Copy each line below exactly and leave the pictures out.

◆ Raw data ◆

·····

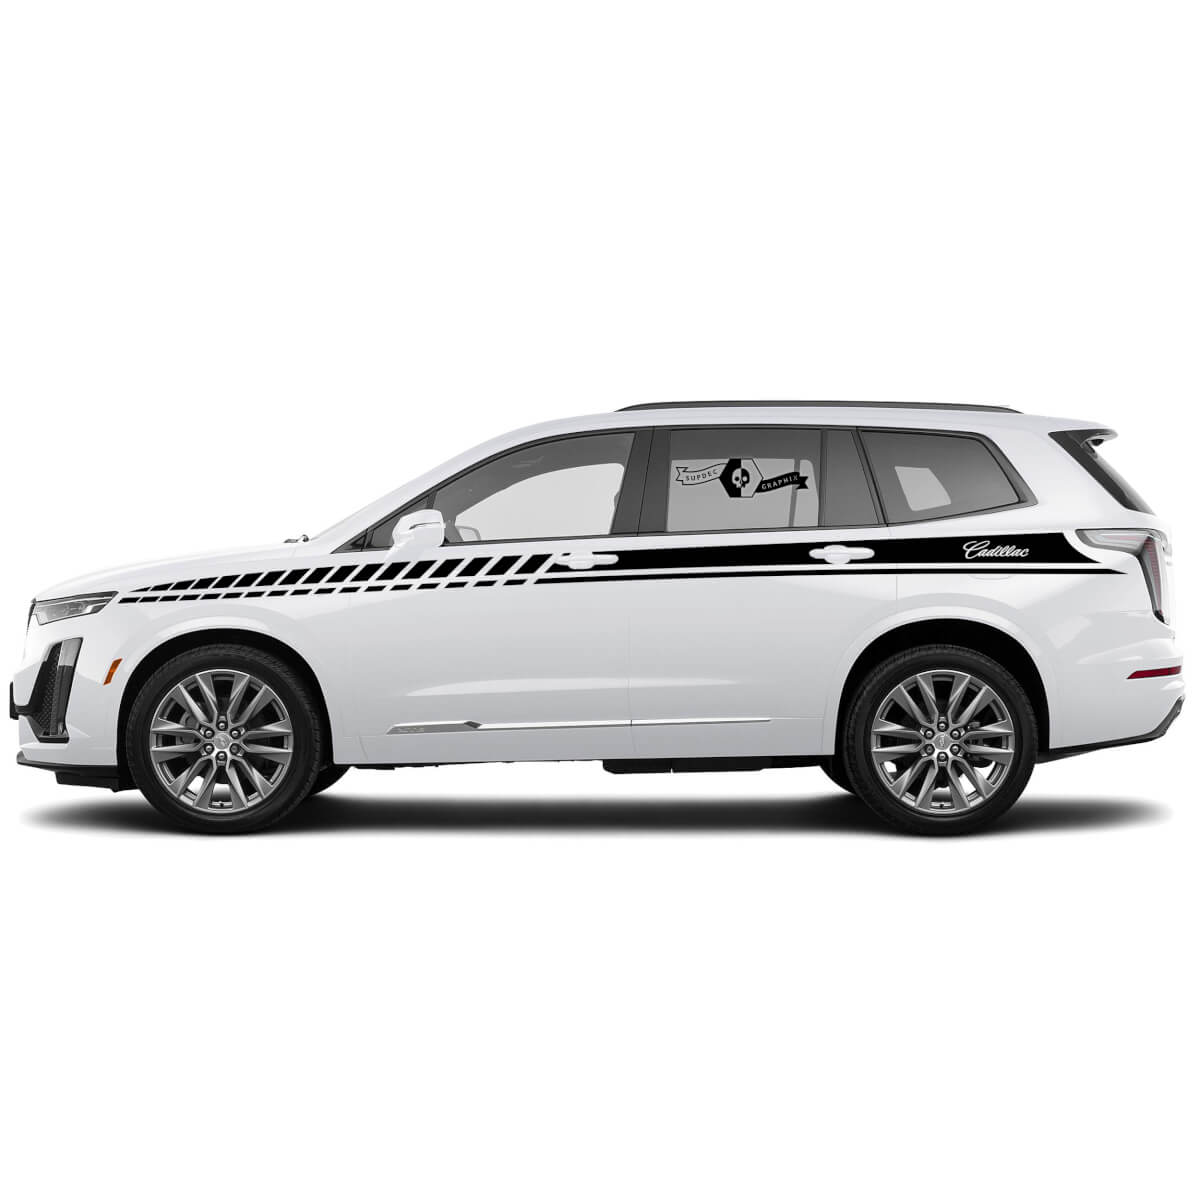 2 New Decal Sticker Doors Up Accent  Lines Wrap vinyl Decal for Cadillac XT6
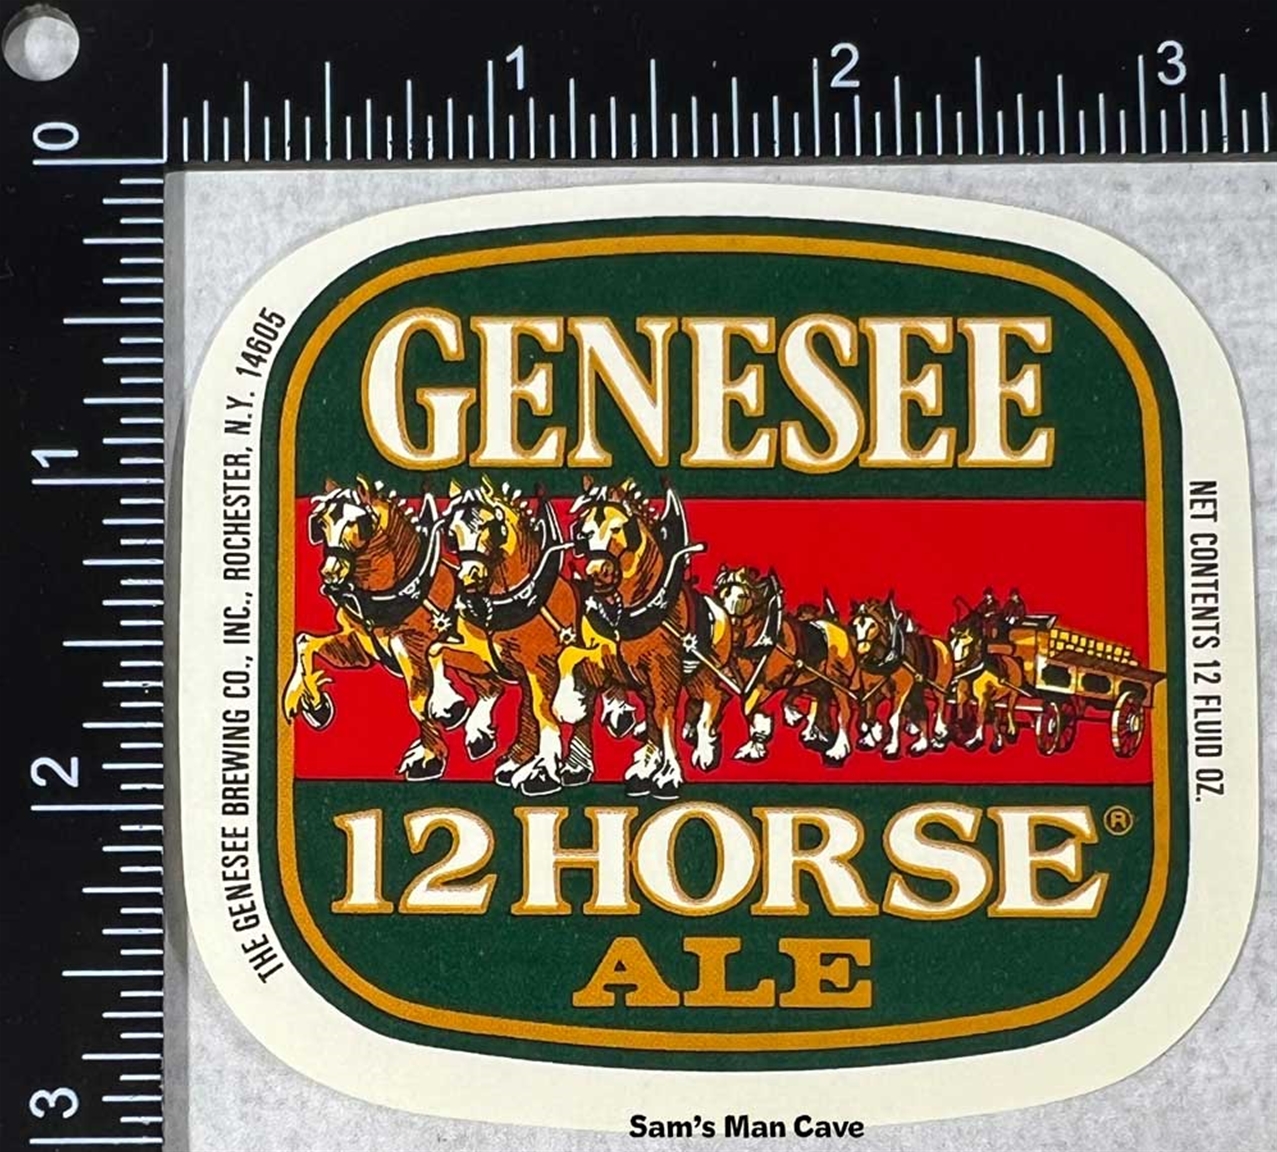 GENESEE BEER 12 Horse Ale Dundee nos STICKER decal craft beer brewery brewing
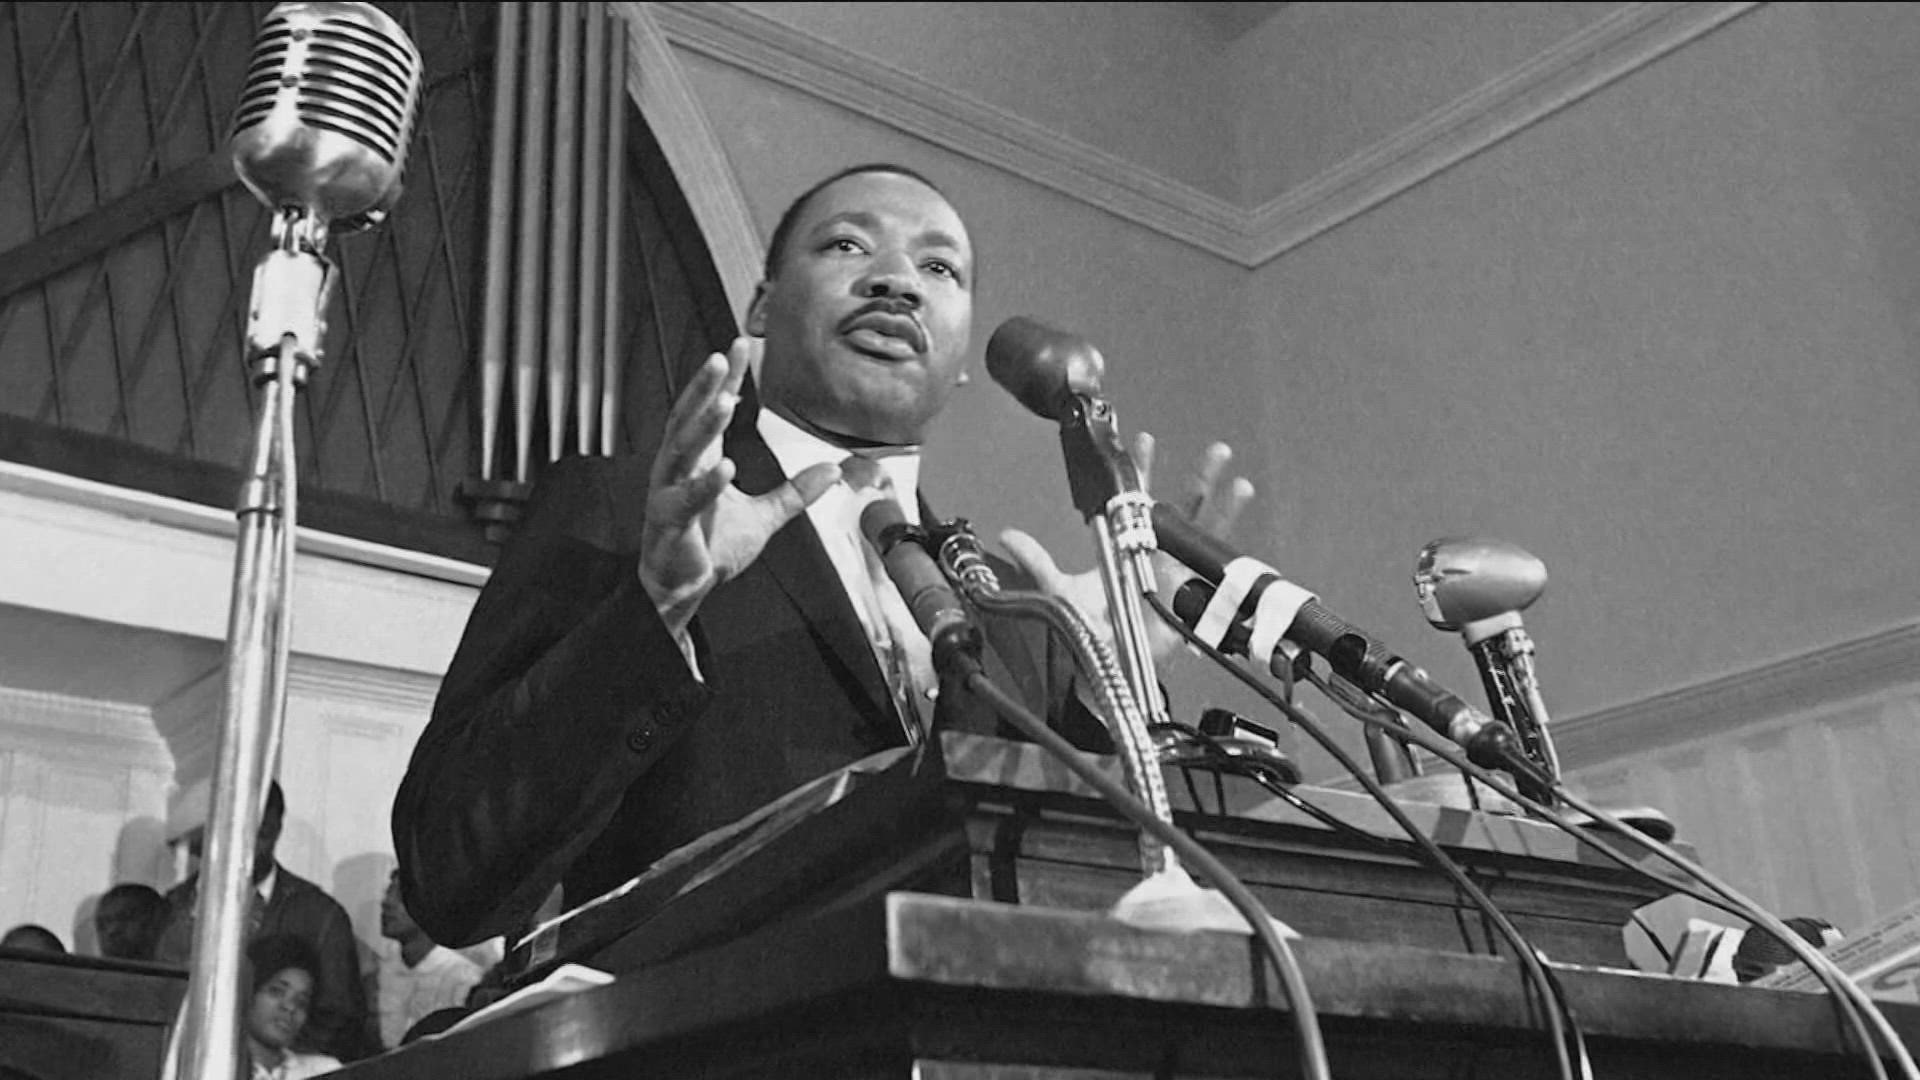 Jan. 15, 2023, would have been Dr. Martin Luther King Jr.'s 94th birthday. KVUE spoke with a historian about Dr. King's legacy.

·····

◆ Task output ◆
 2 New Decal Sticker Doors Up Accent  Lines Wrap vinyl Decal for Cadillac XT6
 GENESEE BEER 12 Horse Ale Dundee nos STICKER decal craft beer brewery brewing
 Jan. 15, 2023, would have been Dr. Martin Luther King Jr.'s 94th birthday. KVUE spoke with a historian about Dr. King's legacy.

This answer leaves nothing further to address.